◆ Assigned task:
Write the lines below out exactly, dropping each picture.

◆ Collected material:

┄┄┄┄┄┄┄┄┄┄

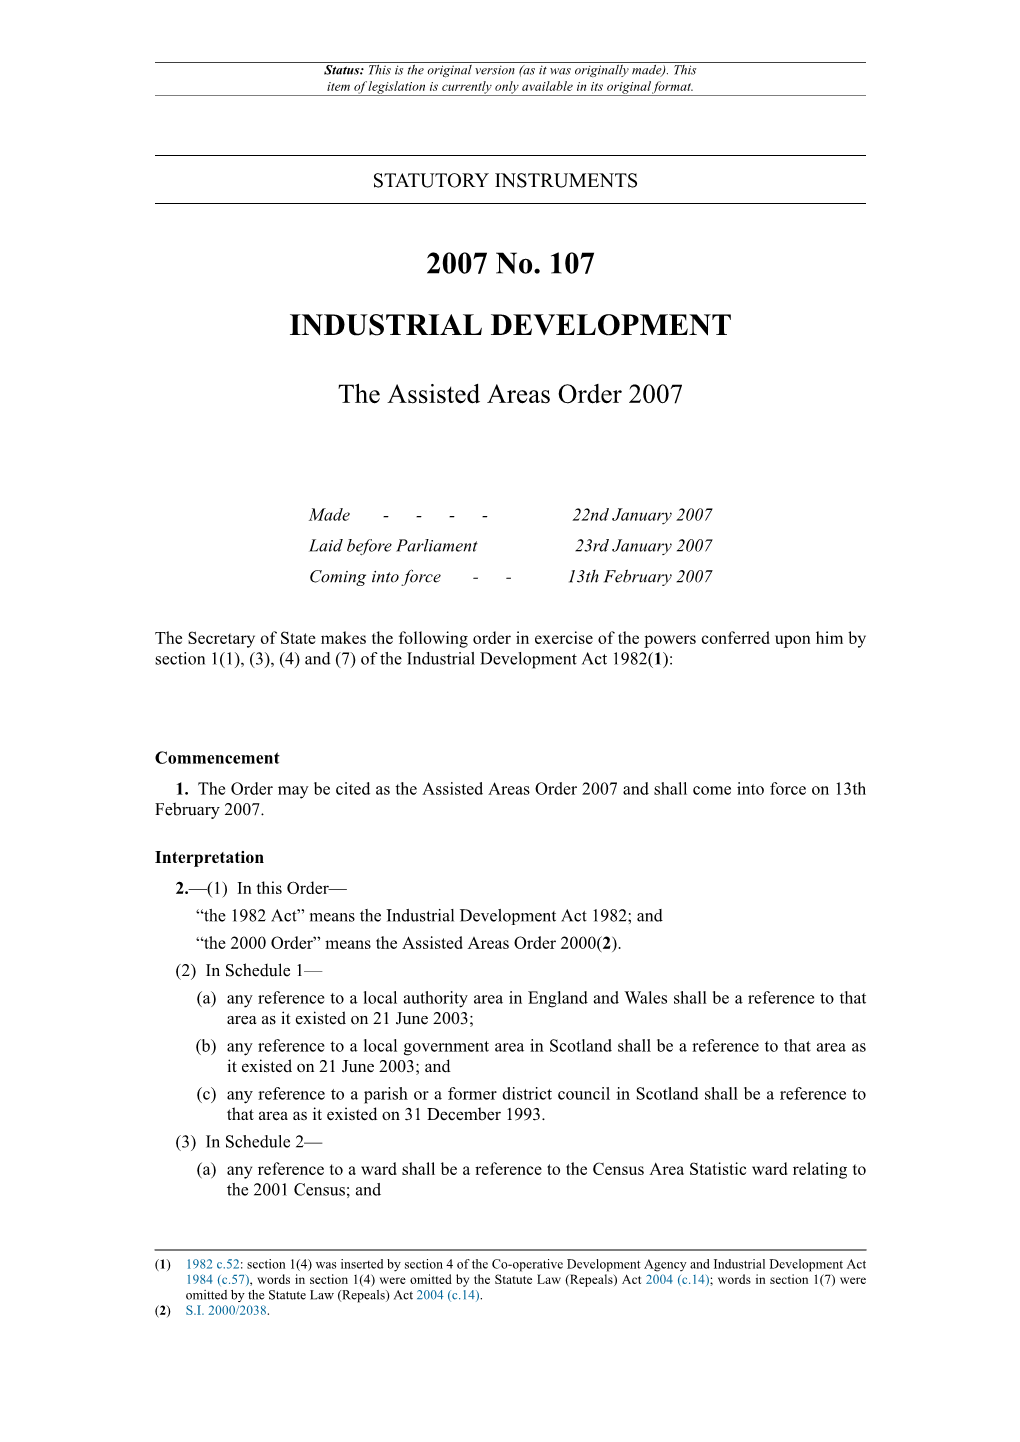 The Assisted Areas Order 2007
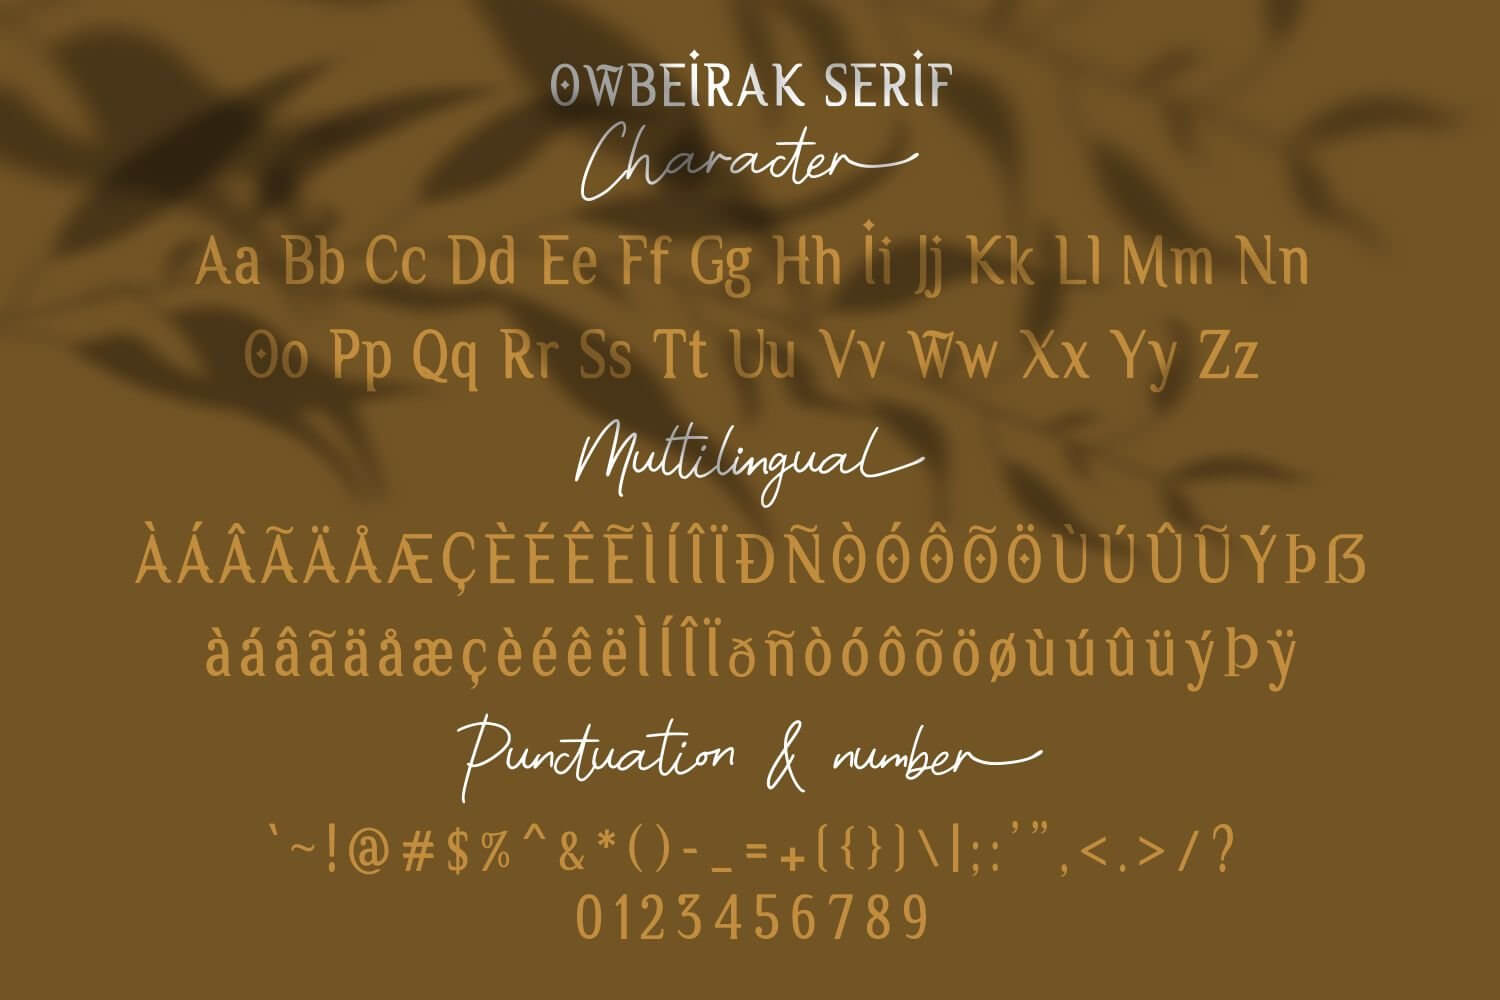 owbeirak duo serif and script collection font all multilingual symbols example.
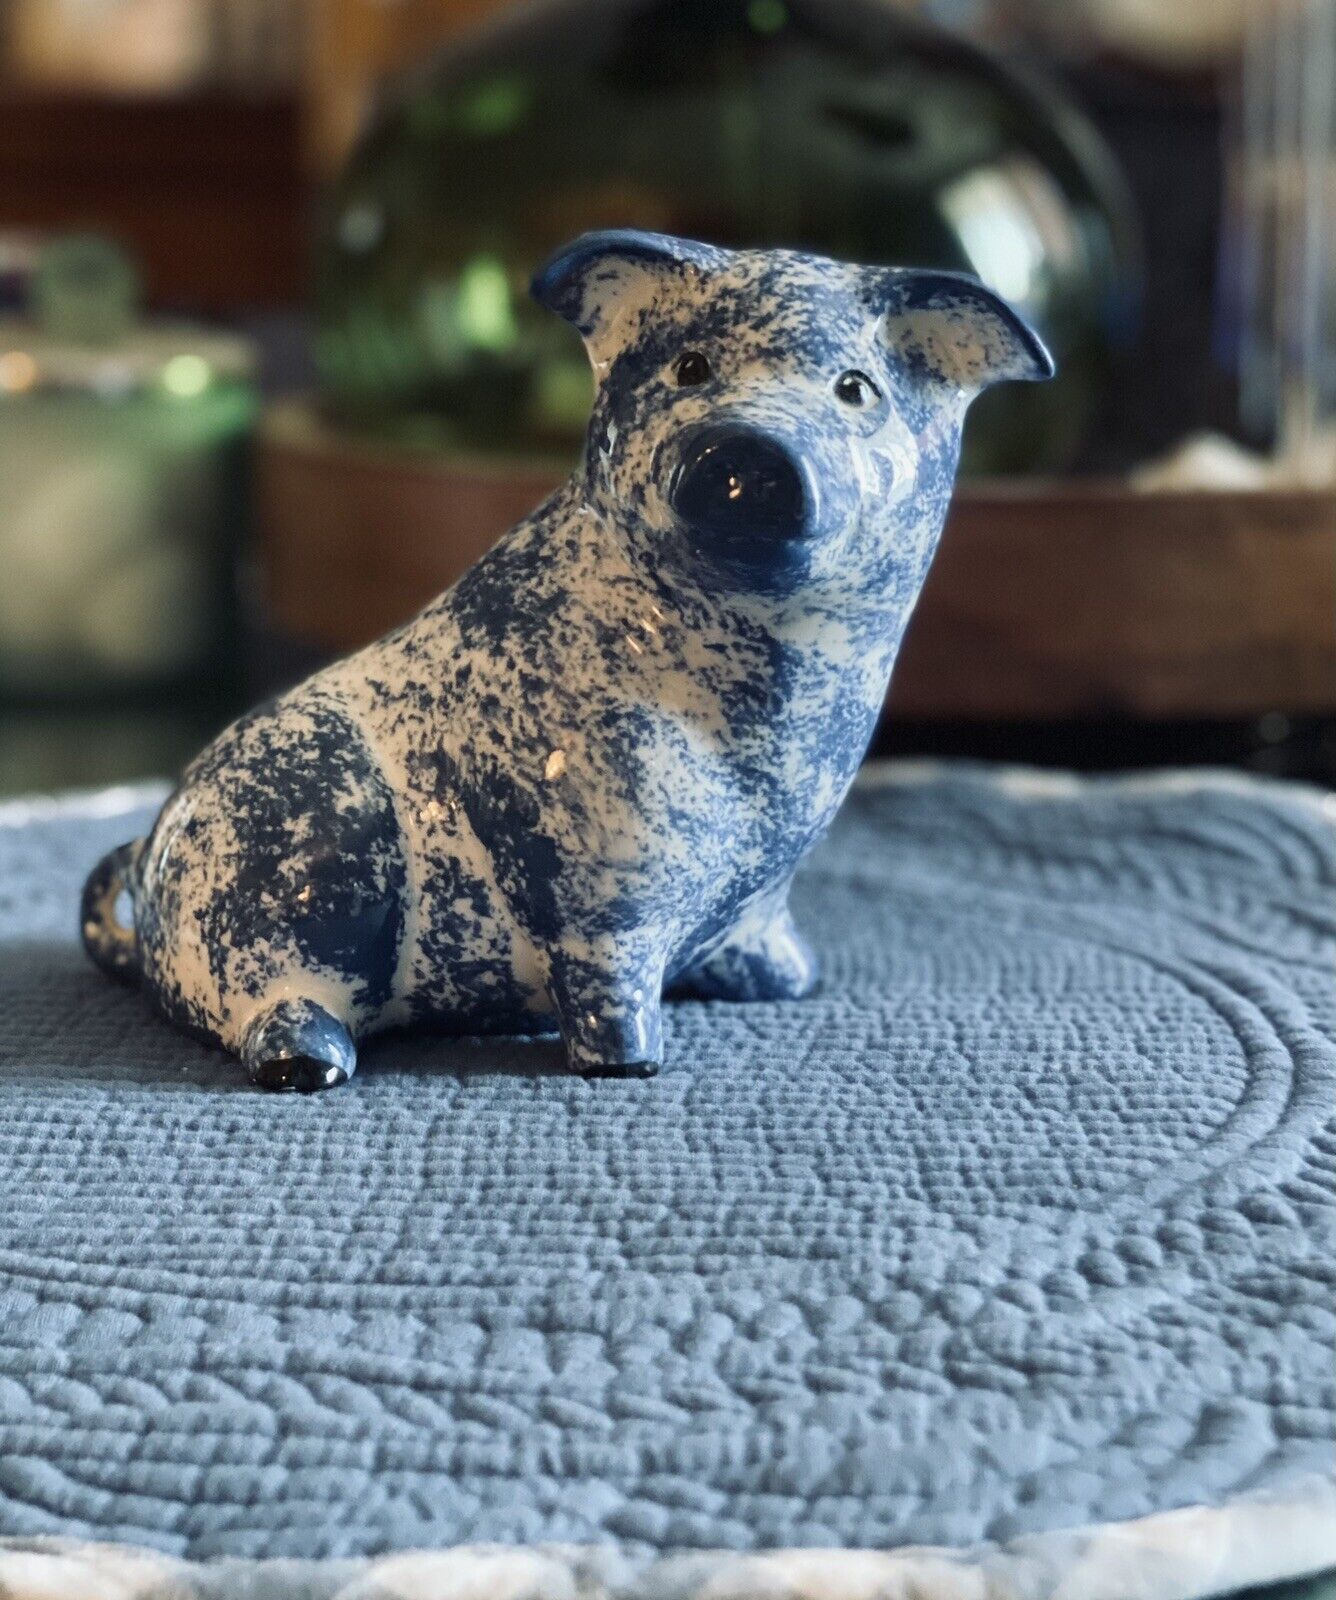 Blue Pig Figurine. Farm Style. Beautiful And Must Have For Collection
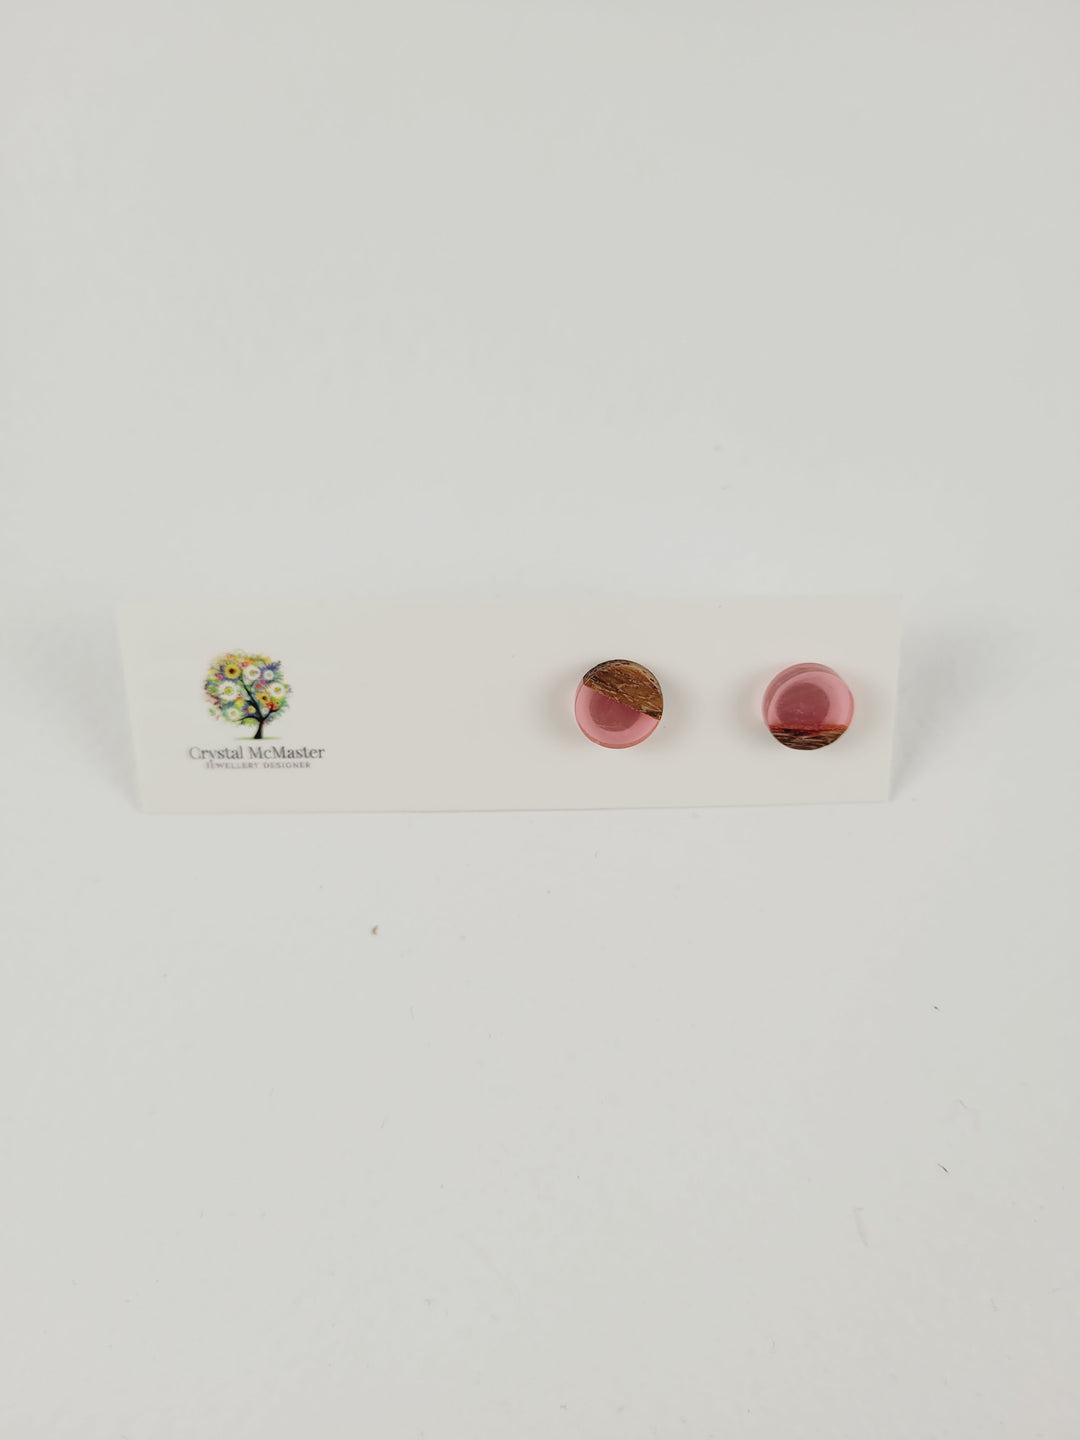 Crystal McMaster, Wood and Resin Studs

┄┄┄┄┄┄┄┄┄┄

◆ Solved problem:
 The Assisted Areas Order 2007
 owbeirak duo serif and script collection font all multilingual symbols example.
 Blue Pig Figurine. Farm Style. Beautiful And Must Have For Collection
 Crystal McMaster, Wood and Resin Studs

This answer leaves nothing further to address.